Spectral feature development in birdsong

Simon Overduin
March 25, 2003

 

Background

Birdsong is an important model for animal imitation and learning. In many species of songbirds, a father's song is passed on to his male offspring by a process of imitation that is independent of genetic ties between the birds (Eales, 1985). In some species, other members of the bird's social environment, including females responding to the father (King & West, 1983), additional tutors in the environment (Williams, 1990), and the male's siblings (Tchernichovski & Nottebohm, 1998) may also have a minor role in shaping the male's song. While certain species, like the canary (Marler & Peters, 1987), are open-ended imitators able to learn new songs into adulthood, males of other species like the zebra finch (Taeniopygia guttata) are age-limited learners and have a relatively fixed period during their youth during which to acquire the song it will sing during its own adulthood. (In the case of the zebra finch, the critical periods spans a variable initial date until about 90 days after hatching.) While this adult song can be gradually altered by systematically altering the auditory feedback heard by the bird (Leonardo & Konishi, 1999), in natural scenarios the adult song is believed to be quite crystallized and stereotypical for the bird.

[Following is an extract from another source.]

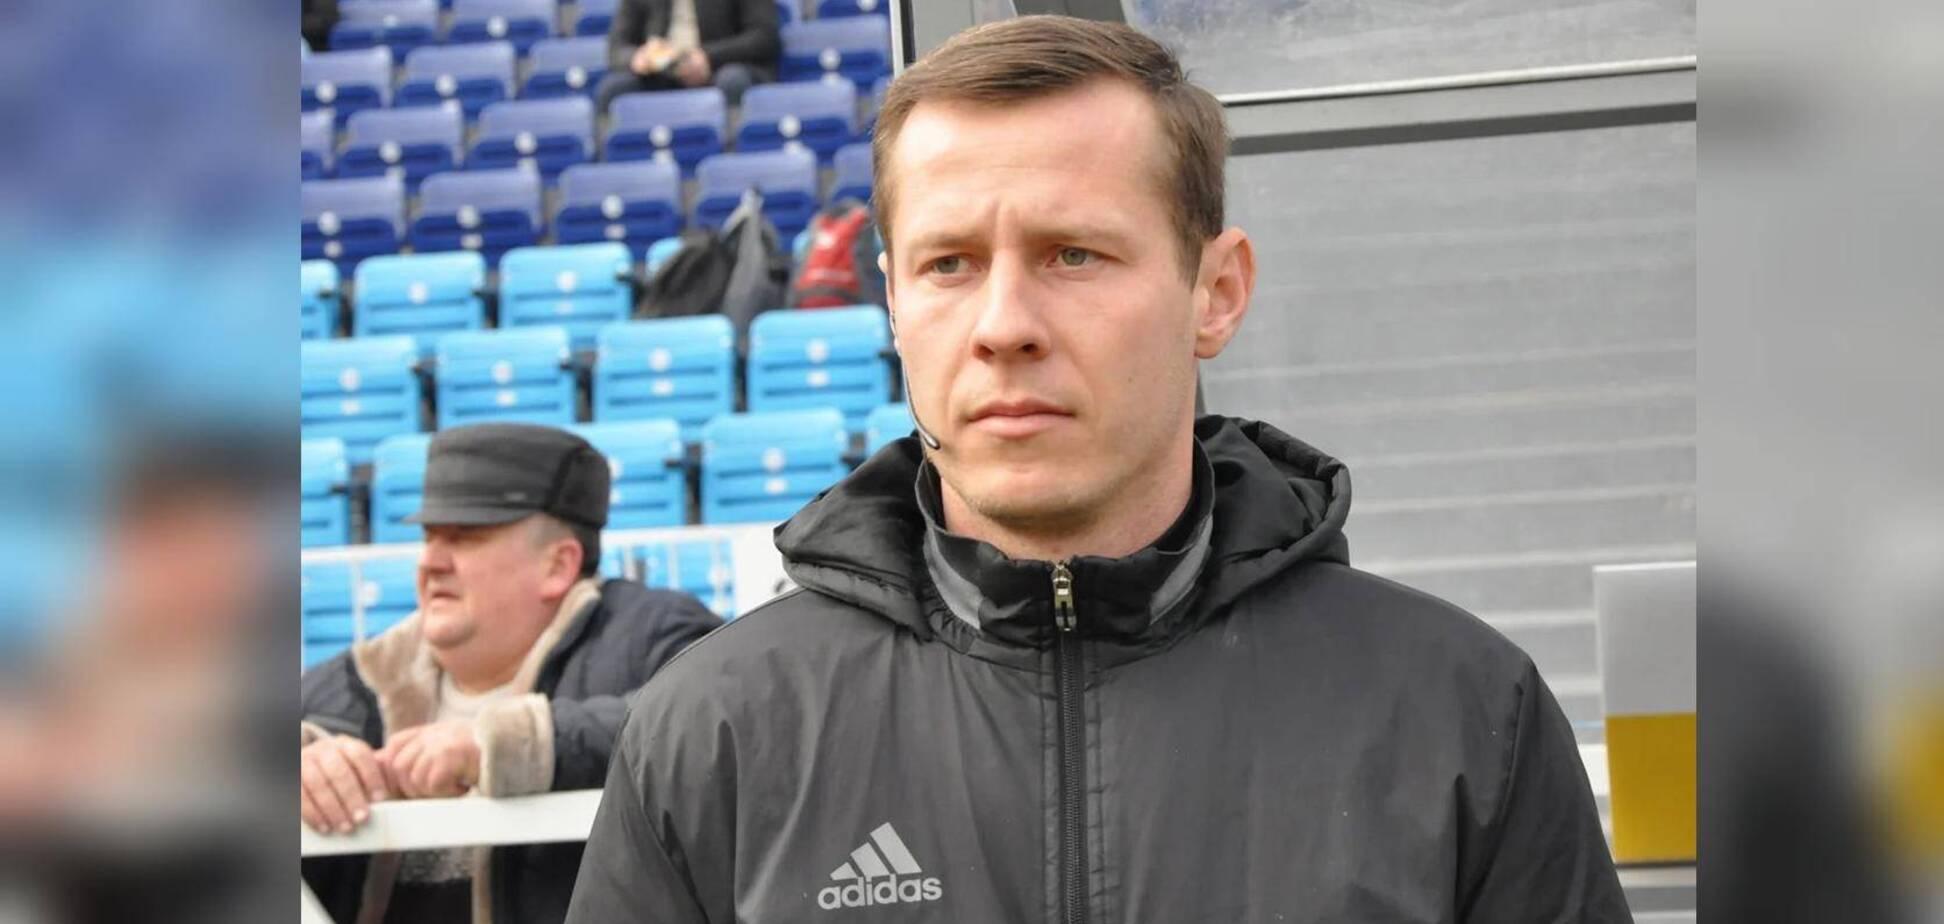 Журналіст показав, як виглядає арбітр після побиття в матчі Першої ліги
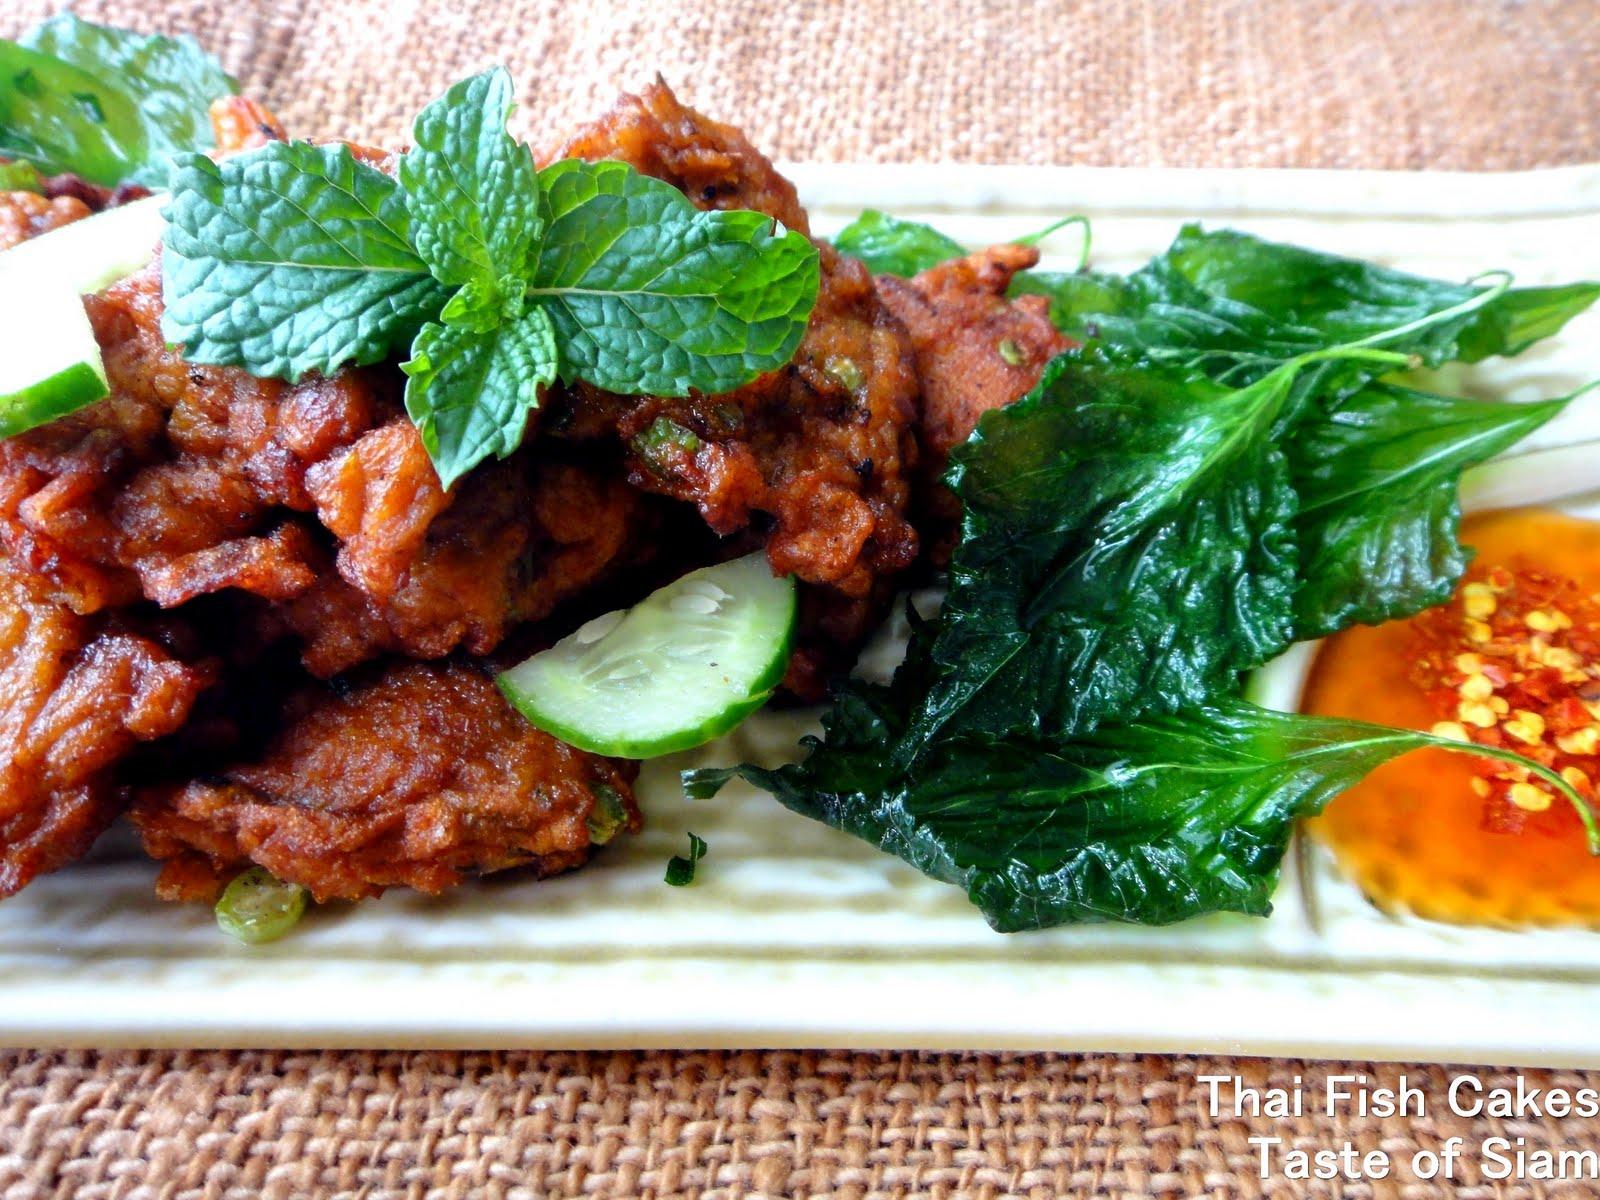 Taste of siam thai fish cakes for Thai fish cakes

The song of the zebra finch as of other birds can be analyzed at three hierarchical levels: that of bouts, motifs, or syllables (Leonardo & Konishi, 1999). Bouts are the highest level of organization, and consist of a sequence of motifs that is not necessarily stereotyped even in the adult. Motifs, in turn, consist of a number of introductory notes followed by sequences of syllables that become very stereotyped as learning proceeds. Finally, syllables proceed over learning from an unstable to a crystallized spectral structure in adulthood, when they may be represented symbolically (e.g. syllable A, B, C etc.). Types of syllables include harmonic stacks, frequency sweeps, high-pitch notes, broadband sounds, vibratos, and male long calls (Tchernikovski et al., 2001). In adult birdsong, syllables may also be demarcated by intervals of relative silence or sharp frequency modulation changes (Morrison & Nottebohm, 1993).

 

Pitch estimation and harmonic stack evelopment

Fourier analysis is well suited to the structure of birdsong vocalizations, given that they often (particularly in adulthood) have stereotyped frequency relations. This is particularly true in the striking case of harmonic stacks, which are prolonged syllables consisting of simultaneous fundamental and harmonic production, without the amplitude dropoff at higher frequencies typical of human speech. Among the spectral features on which harmonic stacks and other syllables have been described (Tchernichovski et al., 2001) are pitch, Wiener entropy, spectral continuity, and frequency modulation. (See here for a diagrammatic explanation from Tchernichovsky et al., 2000.) Higher-order features may describe the frequency or periodicity of syllables within a motif (Tchernichovski et al., 2001).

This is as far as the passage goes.